I have been a VERY loyal Starbucks customer for many years, as anyone who knows me will attest. I say good things about them.  I am a brand ambassador for them.  I go to Starbucks every day, though I took a few months off for health reasons at the end of last year.

My drink for the past couple of years has been a "triple short no-whip mocha" which seems to fall into the cracks of their policies, because I like a small amount of milk, but it costs as much as a Venti with 3 shots.  I pay $4.65 for an 8-ounce coffee drink.  Every day.  By conservative estimate, I spend about $1500/year at Starbucks.

But that's not what I'm pissed about.  That's just background.

A few years back, I bought a Gold Card when they cost $25.  It gave me a 10% discount on all purchases.  I loved it.

Since then, I've watched as they changed the "rewards program" to reward me less and less for my loyalty.  First they got rid of the 10% discount in favor of a free drink every time you bought 10 drinks, but they mailed you a post card to redeem to freebie, knowing that few people would get it together to redeem the post cards. Then it was 12 drinks, now I think it is up to 13 drinks.  But it gets worse.

There now is some kind of minimum threshold you have to meet to maintain "gold status", which is 30 stars within some time frame.  As if somehow I am no longer a "gold customer", which by most retail standards I certainly am.  They have my history in their little computers, since I always use my card (now the app) for my purchases.

Here's what pisses me off.  Yesterday I was getting close to a free drink, I noticed in the little app.  Two more stars to go.  Woo hoo!  Today I bought a $4.65 mocha, a panini sandwich, and a water, and used my app to pay....

I got an incredibly unfriendly alert that popped up and said, "You have failed to meet the minimum criteria to maintain membership.  Your reward stars have been reset to 0."

I stared at it in disbelief.  This is how they reward their best customers!  Gamification is one thing, but actually penalizing me for not earning 30 stars in some arbitrary amount of time -- and how exactly am I supposed to do that if you reset my count to 0?

This is appalling to me, and actually made me upset, right there at the cash register.  I got totally, completely pissed off at Starbucks, and vowed to boycott them.

Is that what you want with your "Rewards" program, Starbucks?  To piss off one of your best customers with your little star program, to the point where he doesn't want to come back into your stores, and will be considering Peet's or some other worthy competitor from now on?

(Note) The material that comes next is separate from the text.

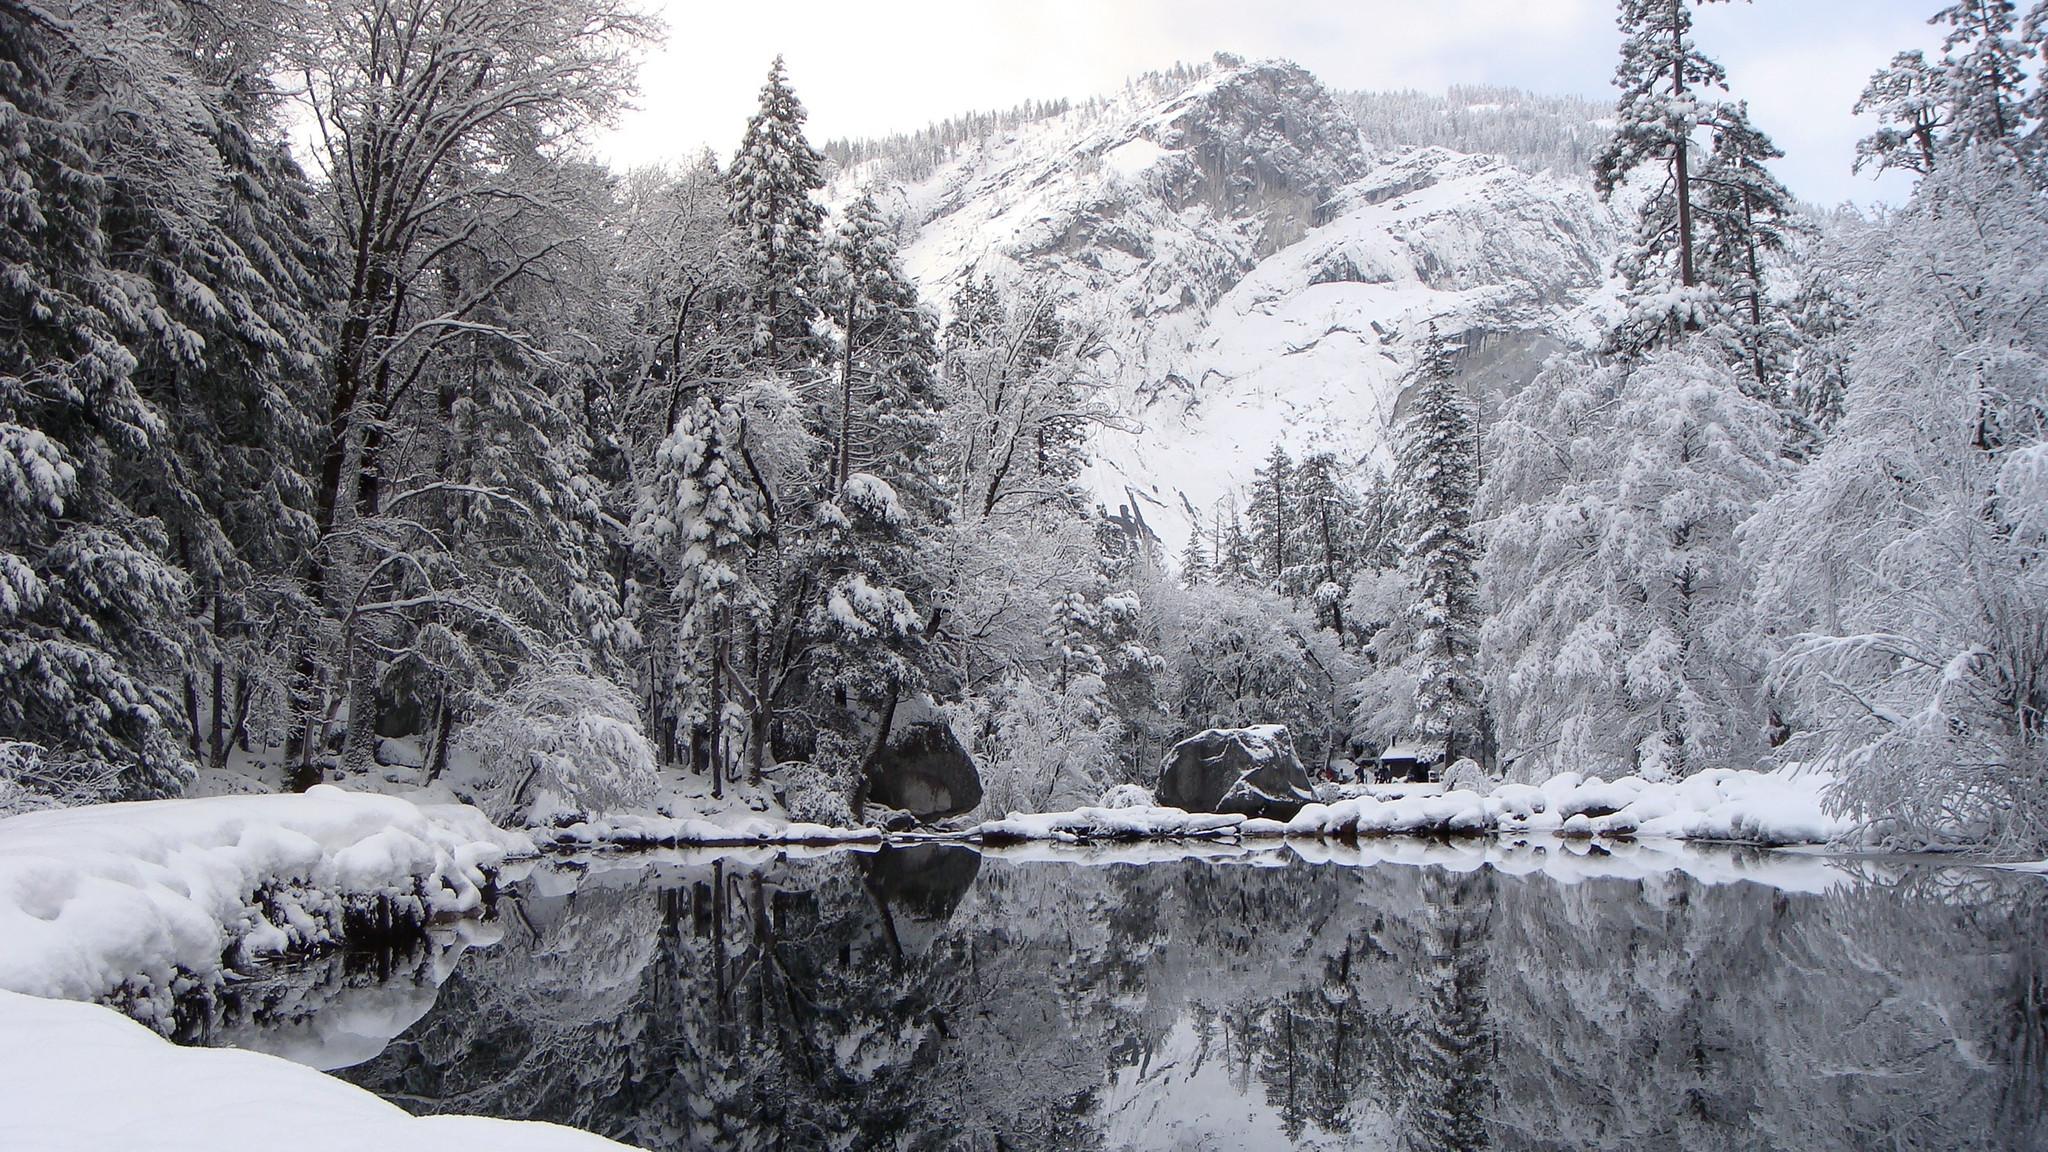 ws_Winter_reflection_2560x1440.jpg
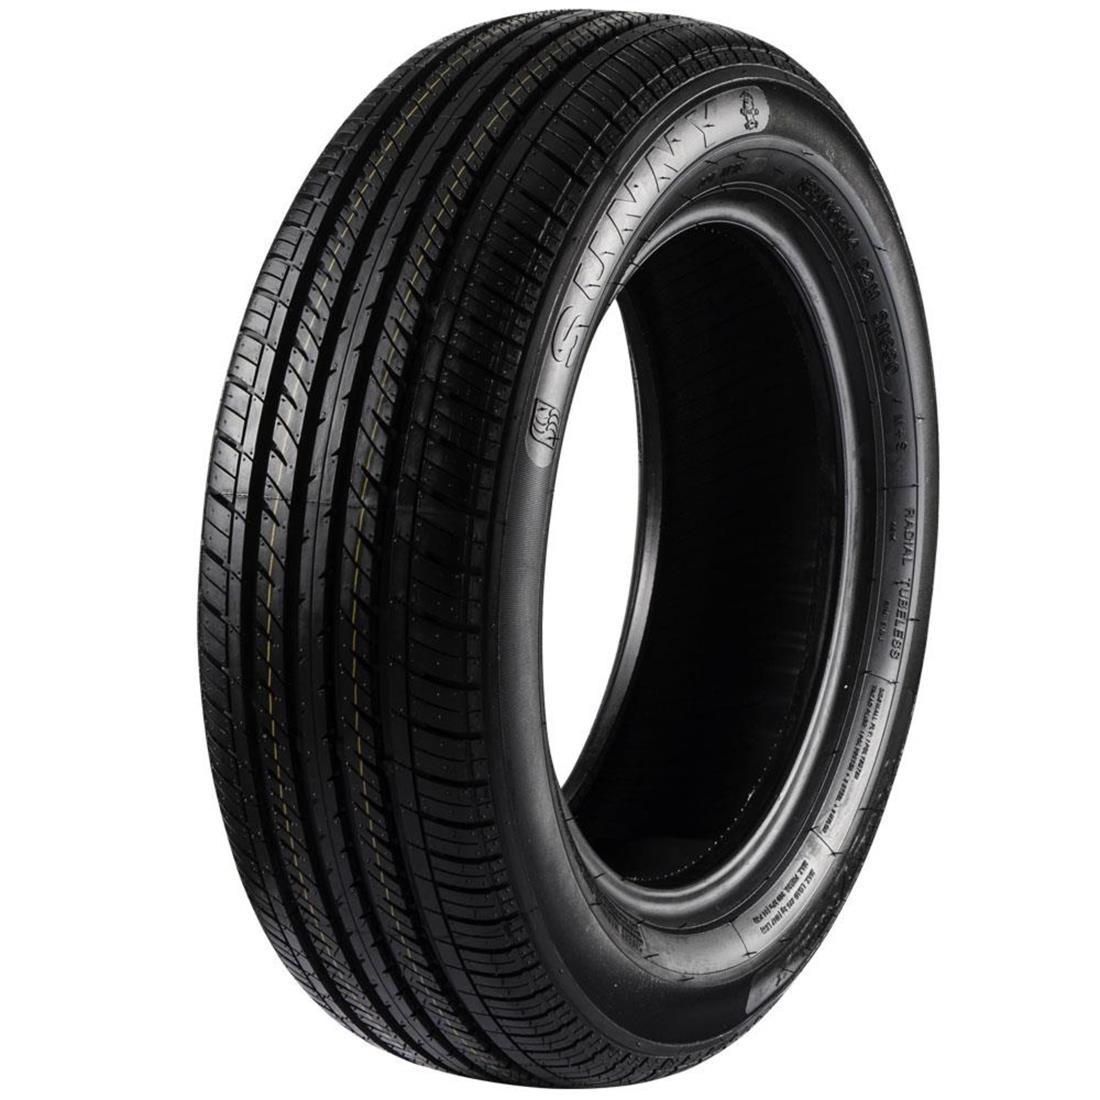 pneu sunny 195 65r15 91h sn880 carxparts est tica limpeza detalhamento automotivo pneus. Black Bedroom Furniture Sets. Home Design Ideas

Congratulations to your brain-dead rewards marketing team for totally screwing up what once really did feel like a "gold" program, and made me happy to buy coffee at absurdly inflated prices.  No more.  No more.

[Epilogue/update: 5/2/13]

A friend happened to post something on Starbucks wall at almost the same time yesterday that I posted this, complaining in almost the same way about no longer wanting to remain loyal to Starbucks.  I put a comment on her post, mentioning this blog entry.  I think a Starbucks employee must have read my comment, and this blog post, because I got the below email today.  I am undecided whether or not this suggests great customer service and I am happy again (a possibility) or whether it is impersonal (no actual contact from customer service, just this email) and lame and would not have happened had I not complained publicly.  Whether or not I am Gold is somewhat beside the point -- they need to seriously revisit the reward system because it is not, in fact, set up to reward actual loyal customers; it's more like a video game where you can periodically get a "game over" screen and have to replay the whole level.  Who wants that in a coffee rewards system?

My Starbucks Rewards? Rewards Status Check Balance Reload a Card Send an eGift
Here's to another glowing year at Gold. Raise a mug to celebrate.
Thanks for staying. The 30 Stars you earned keeps you at the Gold level another year. Here's to another year of rewards galore.

You're on a roll, so keep earning those Stars. Another 30 within a year keeps you at Gold level for yet another year. We're hoping this will be a happily ever after type of thing.

[Epilogue/update: 5/22/13]

I've decided I forgive Starbucks, and have reloaded my card twice since posting this article.  The baristas are great, and overall it's a great company.